_Dataset content_
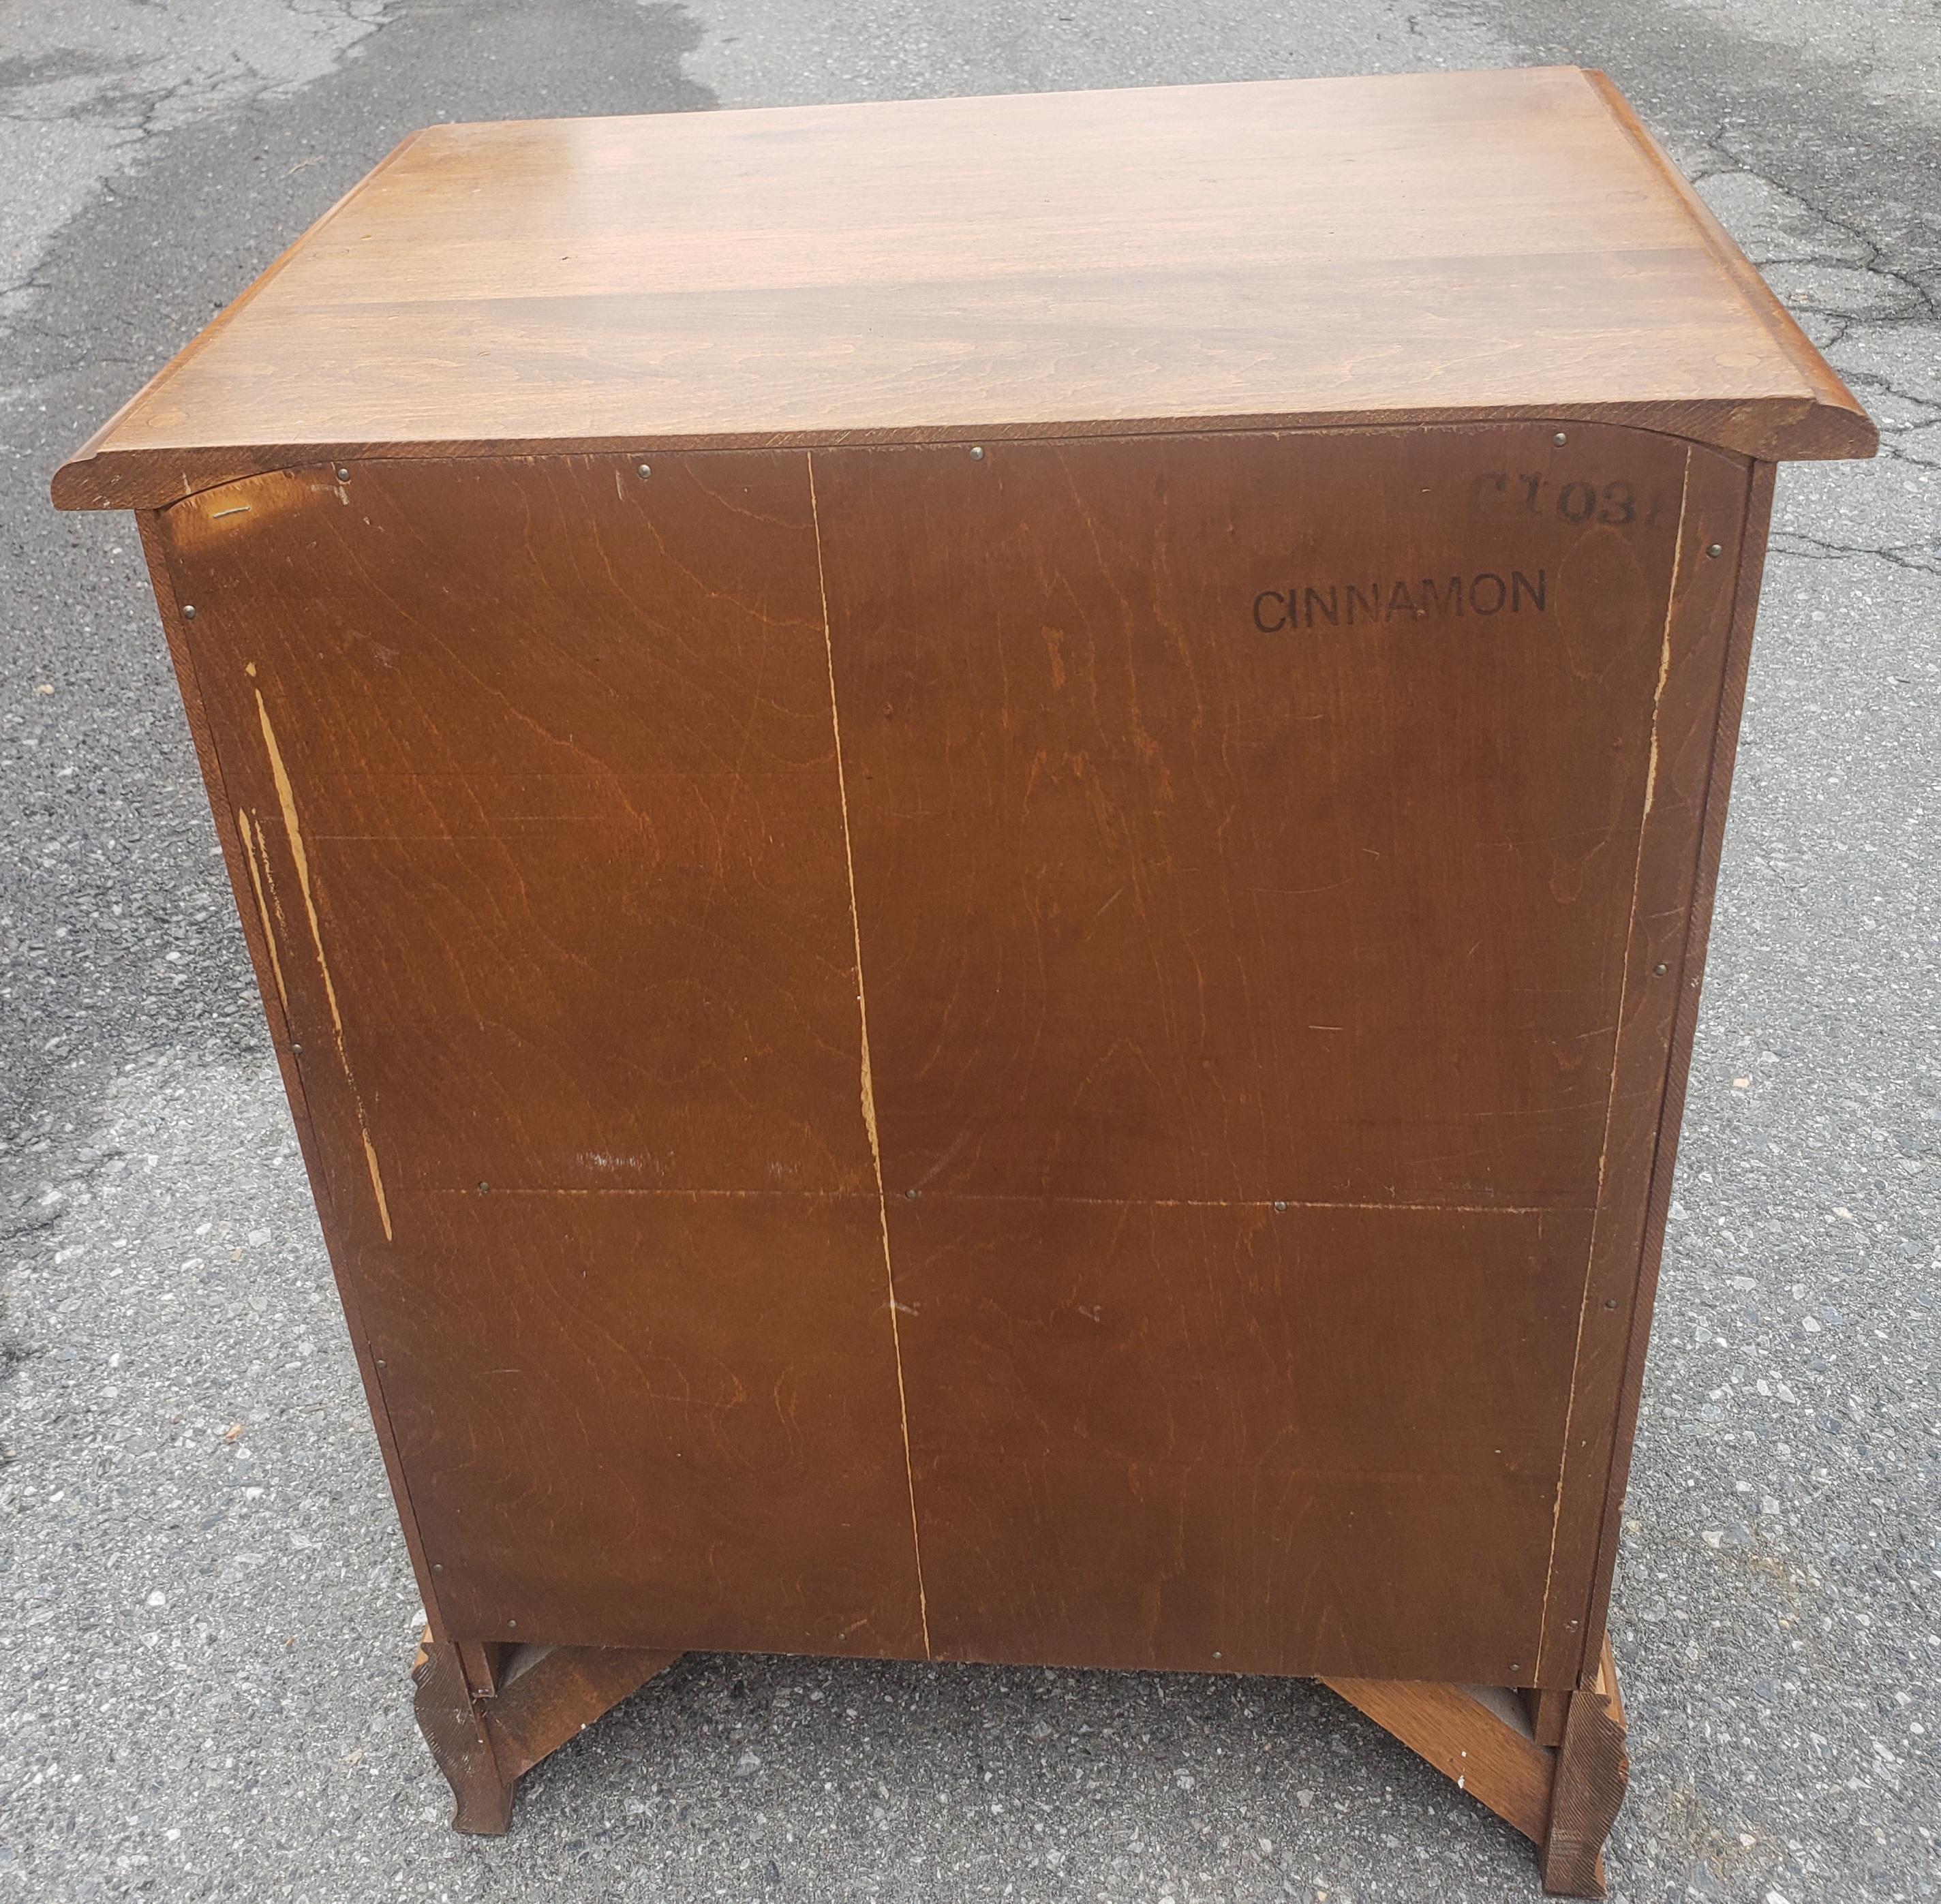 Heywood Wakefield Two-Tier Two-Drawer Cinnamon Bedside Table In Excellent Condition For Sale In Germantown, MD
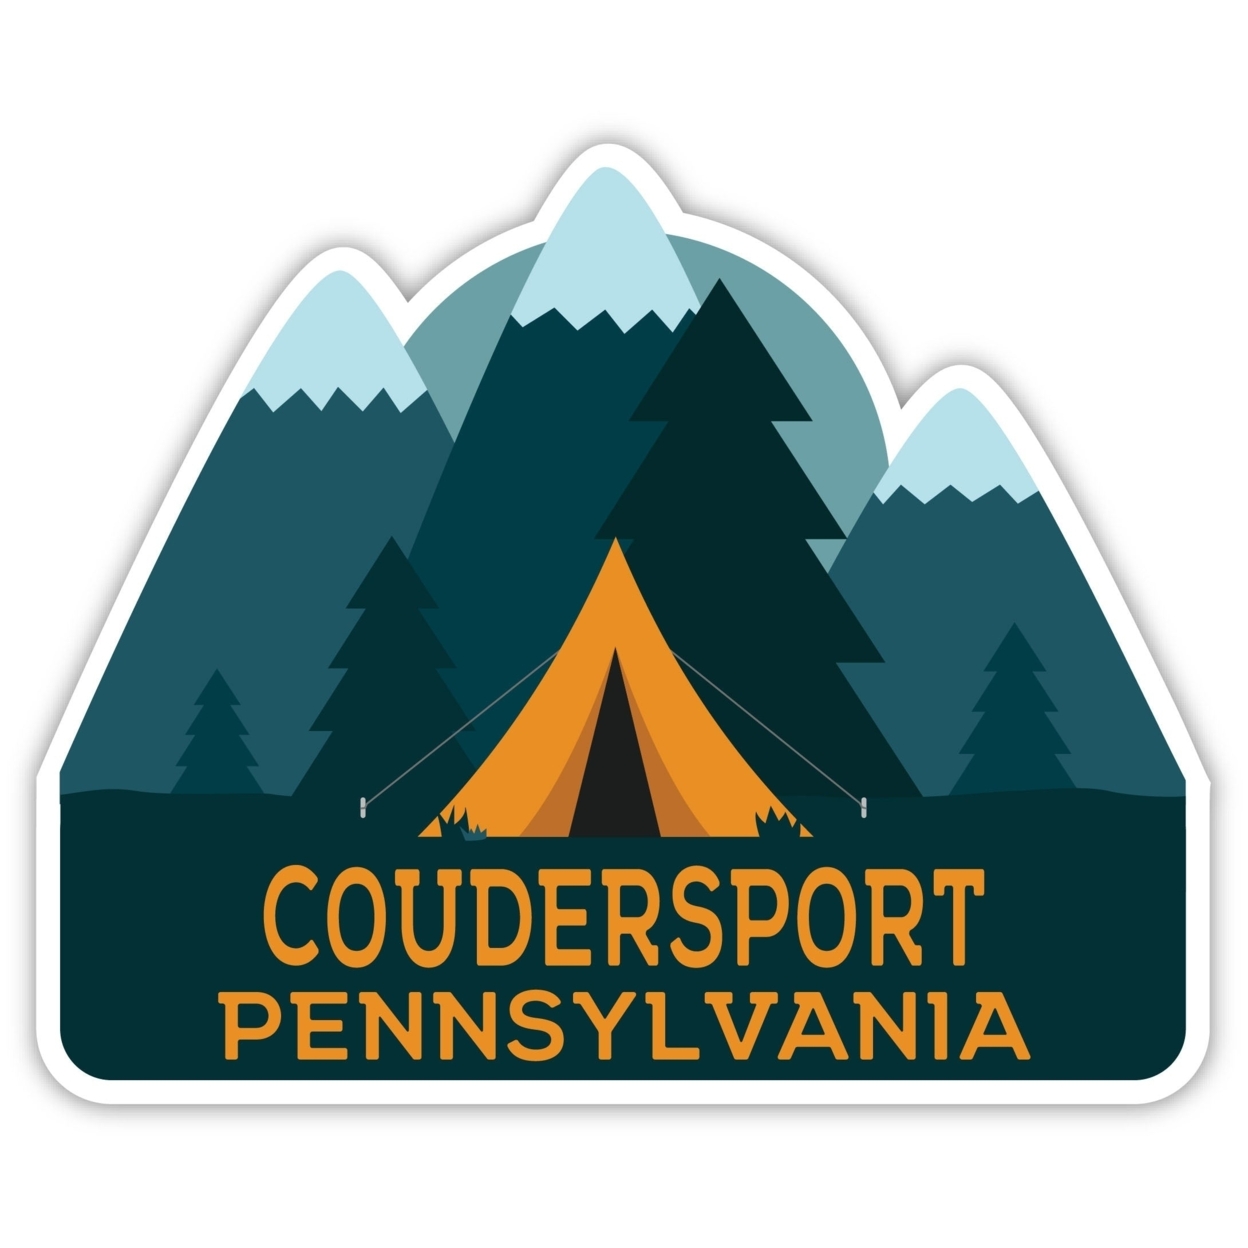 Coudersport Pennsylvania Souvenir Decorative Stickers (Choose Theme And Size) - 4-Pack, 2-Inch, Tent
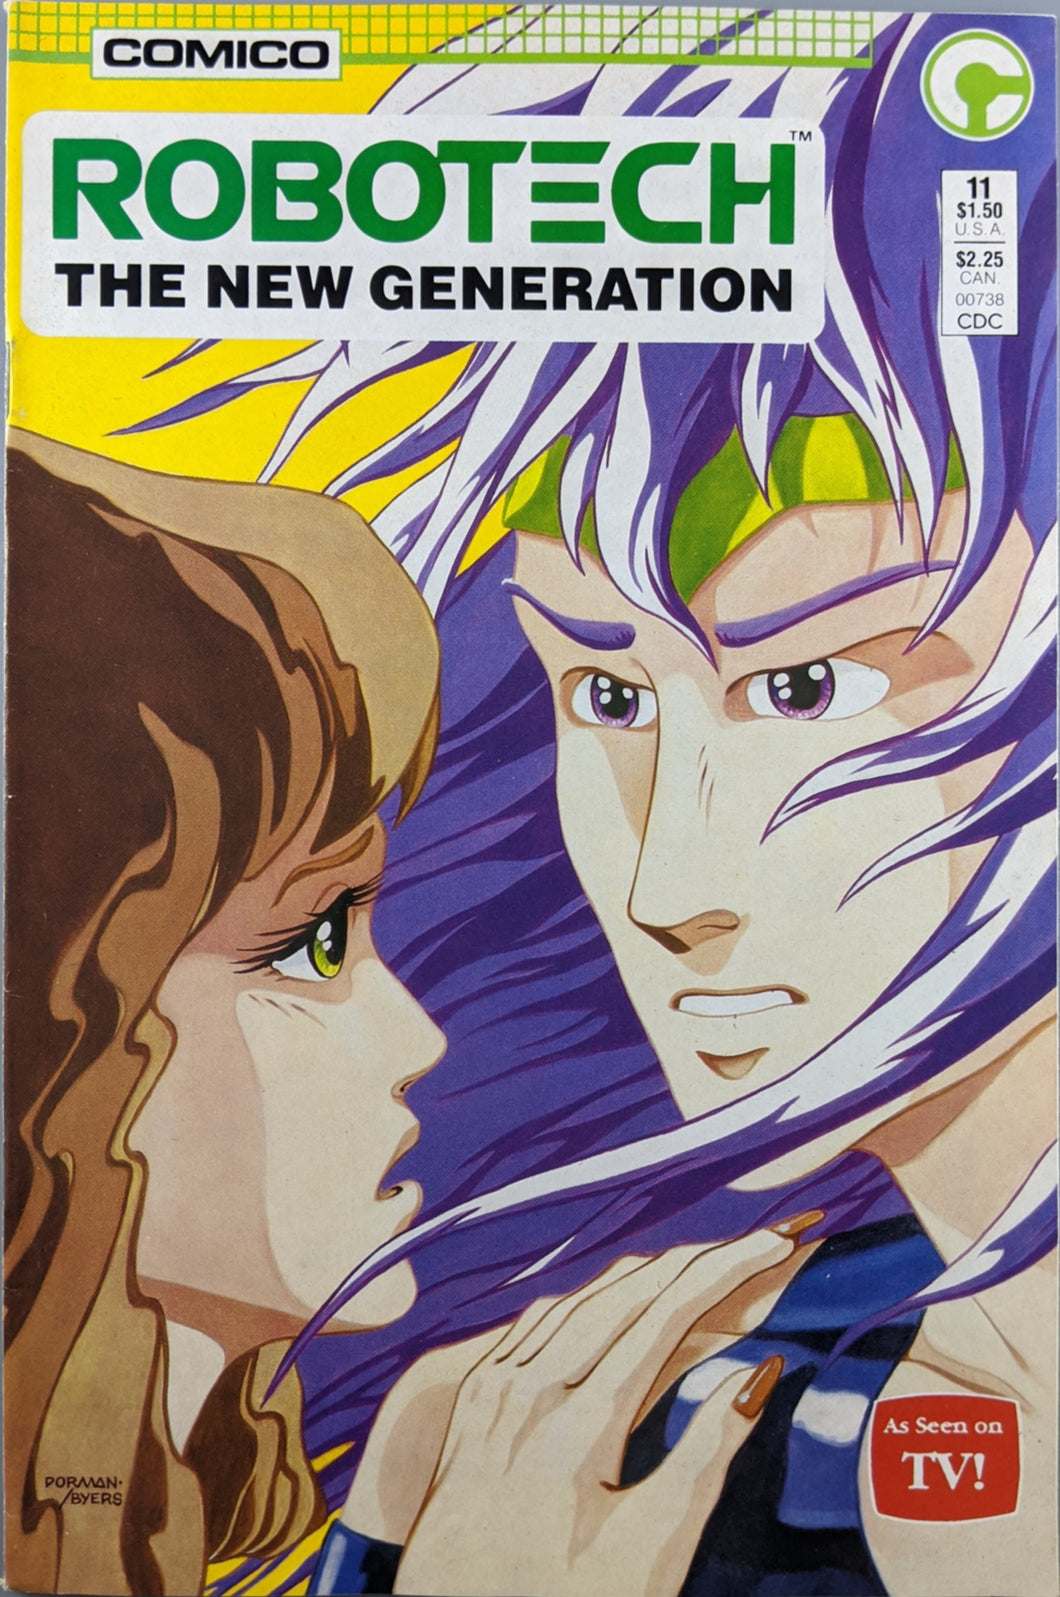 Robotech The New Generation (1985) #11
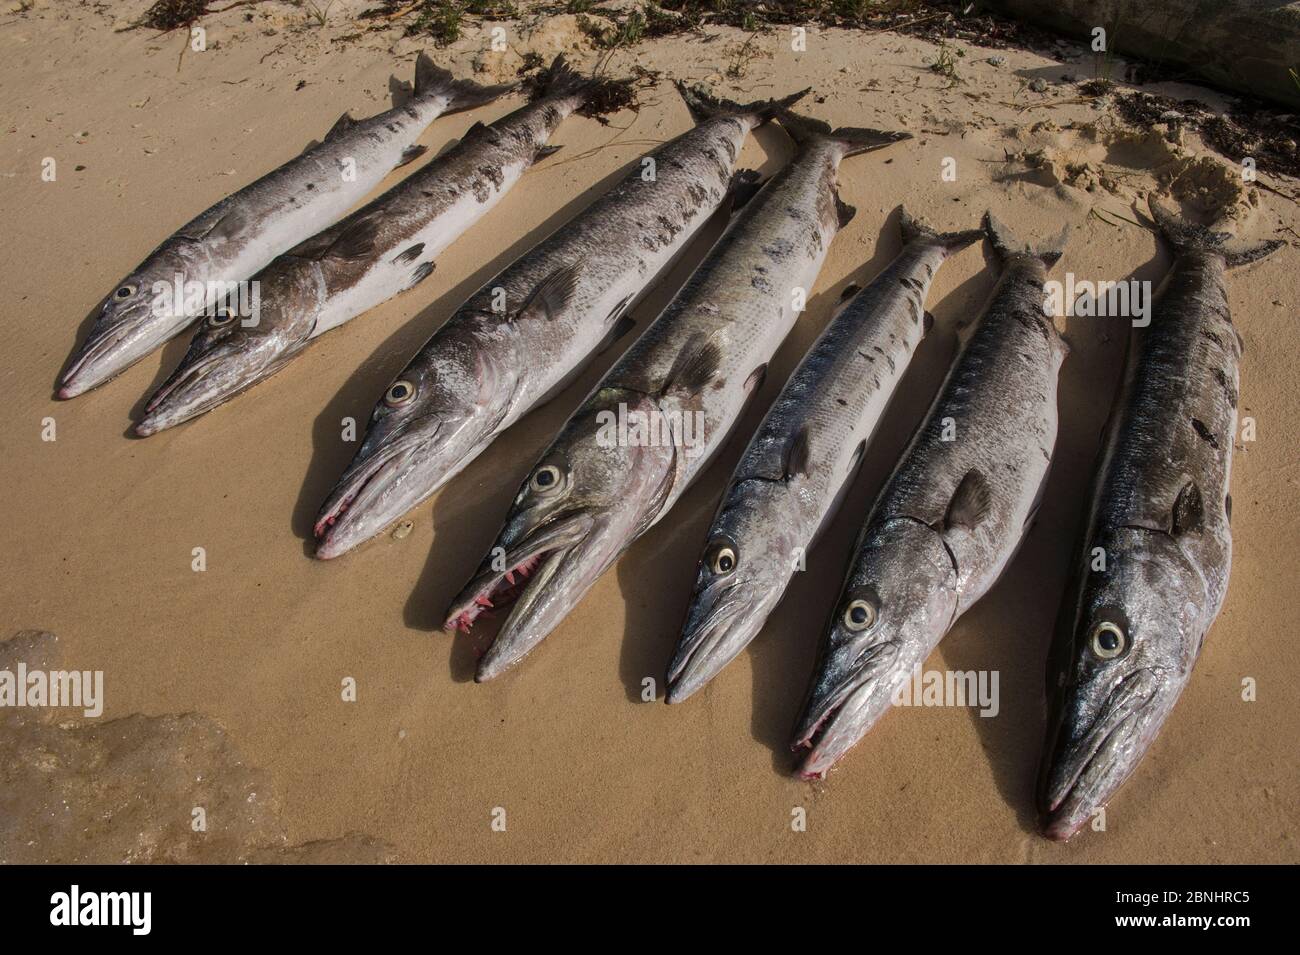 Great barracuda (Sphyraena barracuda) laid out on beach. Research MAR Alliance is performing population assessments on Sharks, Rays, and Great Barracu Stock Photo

_Exercise aim_
Leaving the pictures aside, write out only the lines from the one containing "Robotech The New Generation (1985) #11" through the end of the material, exactly as they stand.

_Exercise result_
 Robotech The New Generation (1985) #11
 Great barracuda (Sphyraena barracuda) laid out on beach. Research MAR Alliance is performing population assessments on Sharks, Rays, and Great Barracu Stock Photo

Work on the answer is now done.